Pichia kudriavzevii (C. krusei) is often found in patients with underlying hematological malignancy [18]. This fungus can produce intermediate biofilms on PVC and polyethylene surfaces [29],[71]. Unfortunately, the significance of C. krusei biofilms and their morphogenesis for pathogenicity has not been fully characterized. Like C. albicans, C. krusei has the property of thermomorphism, that is, it can change the shapes of blastoconidia and pseudohyphae into hyphae at 37 °C so that the primary regulatory network that regulates dimorphism related to biofilm formation is also similar [71]. Candida krusei is intrinsically resistant to fluconazole, and infections due to this species commonly occur in patients receiving fluconazole prophylaxis and who have a prior history of neutropenia [18],[71].

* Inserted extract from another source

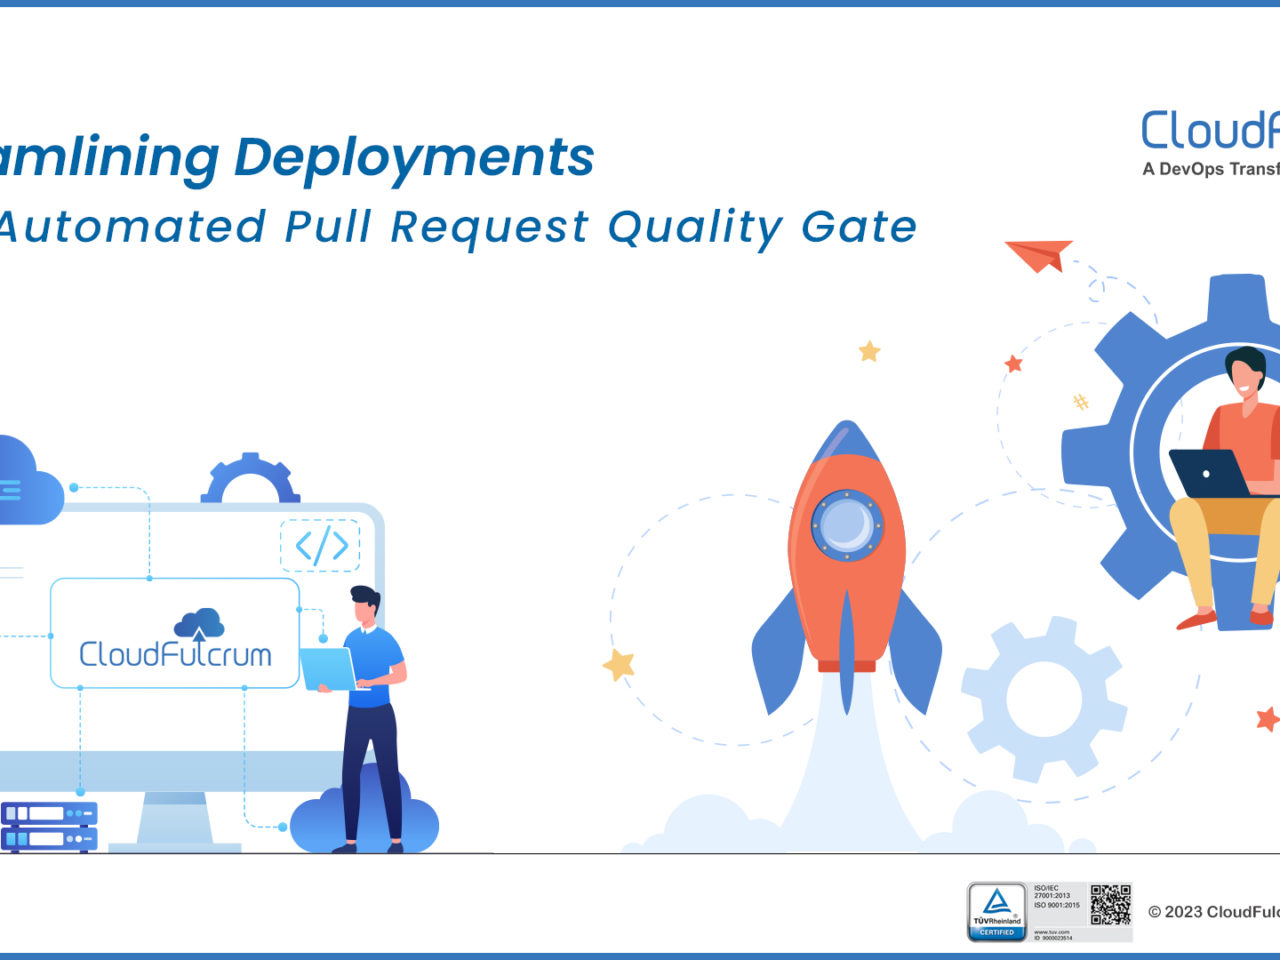 Streamlining Deployments with Automated Pull Request Quality Gate

5. Characteristics of mixed-species biofilm

Biofilm infection can be caused by a single microbial species or a mixture of different species, but more studies have focused on a single species in various host niches [25],[72],[73]. Polymicrobial interactions can alter the expression of virulence factors; thus, the biofilms that form are often more resistant to antimicrobial drugs [72]. In addition, polymicrobial interactions can also affect the host's immune response and the outcome of infection because the immune response to one species can affect immunity to other organisms [72],[73]. The interaction between Candida spp., especially C. albicans with microbes found on biotic and abiotic surfaces, which are very varied and complex, consists of synergistic or antagonistic relationships [25],[72]–[74]. The interaction of C. albicans with other microorganisms can occur through coaggregation and coadhesion processes [74].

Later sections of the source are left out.